Medical records of trauma patients undergoing exploratory celiotomy from April of 1992 to February of 1999 were reviewed. Demographic data as well as indications for open-abdominal management and complications of open-abdominal management were collected.

RESULTS

Two hundred sixteen vacuum packs were performed in 112 trauma patients. Of the 216 vacuum packs placed, 2.8% were placed for increased intra-abdominal pressure, 5.3% for inability to achieve tension-free fascial closure, 20% for damage control, 55% for reexploration, and 16.7% for a combination of factors.
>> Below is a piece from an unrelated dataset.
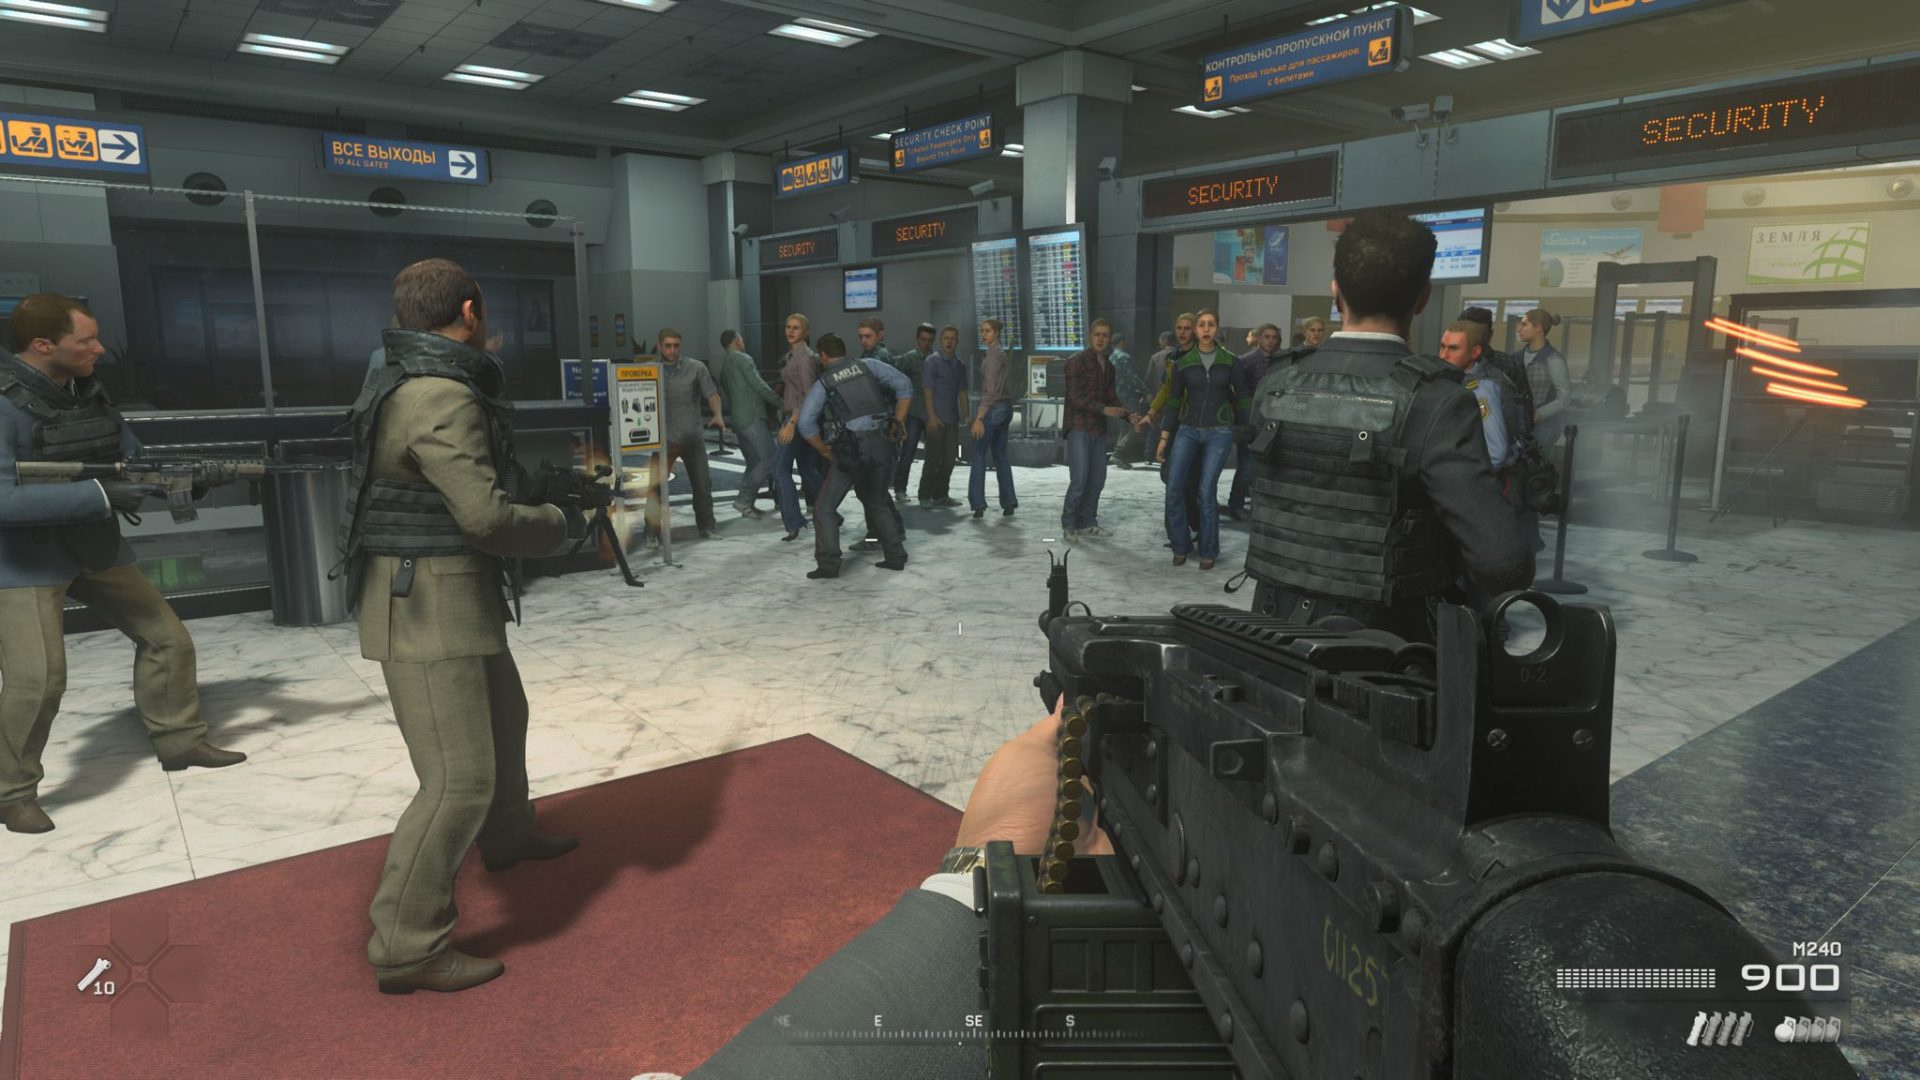 MW3 No Russian: armed men aiming weapons at a crowd of civilians in an airport.
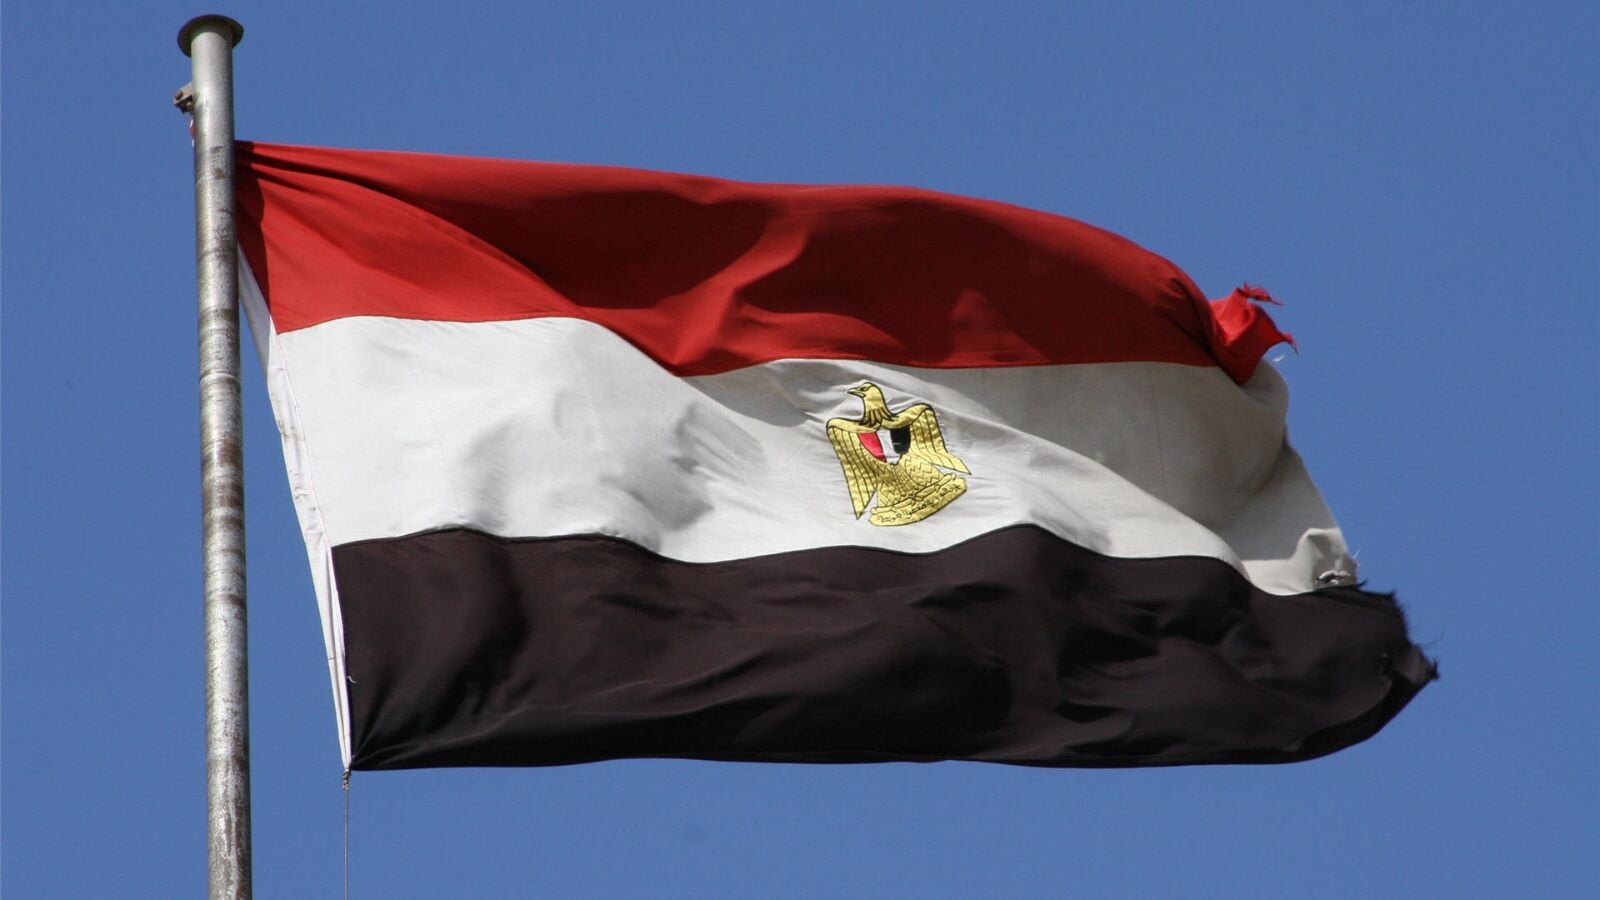 Giant National Egypt Egyptian Flag علم مصر eulim misr Speedy Delivery

Sixty-two patients (55.4%) went on to primary closure and 25 patients (22.3%) underwent polyglactin mesh repair of the defect followed by wound granulation and eventual skin grafting. Twenty-two patients (19.6%) died before abdominal closure was attempted. Five patients (4.5%) developed enterocutaneous fistulae. Five patients (4.5%) developed intra-abdominal abscesses. There were no eviscerations. Three patients (2.7%) required further explorations after abdominal closure. Overall mortality rate was 25.9%, none related to the vacuum pack.

CONCLUSIONS

The vacuum pack is the temporary abdominal wound closure of choice in patients undergoing open abdominal management at our institution. Primary closure is achieved in the majority of patients with a low rate of complication. The technique is simple and easily mastered. Technical complications are rare and easily repaired.

摘要

背景

剖腹探查术后对创伤患者进行临时性腹部伤口闭合通常是必要的。理想的临时闭合方法应能快速闭合、易于维护,并允许再次探查和伤口修复,同时使组织损伤最小化。在过去7年中,我们成功地使用了一种负压封闭系统(负压包)对开放性腹部进行临时处理。

方法

回顾了1992年4月至1999年2月期间接受剖腹探查术的创伤患者的病历。收集了人口统计学数据以及开放性腹部处理的适应证和开放性腹部处理的并发症。

结果

112例创伤患者共进行了216次负压包处理。在放置的216个负压包中,2.8%是因腹内压升高而放置,5.3%是因无法实现无张力筋膜闭合而放置,20%是用于损伤控制,55%是用于再次探查,16.7%是由于多种因素综合作用。62例患者(55.4%)进行了一期闭合,25例患者(22.3%)对缺损进行了聚乙醇酸网片修复,随后伤口肉芽生长并最终进行了植皮。22例患者(19.6%)在尝试腹部闭合前死亡。5例患者(4.5%)发生肠皮肤瘘。5例患者(4.5%)发生腹腔内脓肿。没有发生脏器脱出。3例患者(2.7%)在腹部闭合后需要进一步探查。总体死亡率为25.9%,均与负压包无关。

结论

在我们机构接受开放性腹部处理的患者中,负压包是临时性腹部伤口闭合的首选方法。大多数患者实现了一期闭合,并发症发生率较低。该技术简单且易于掌握。技术并发症罕见且易于修复。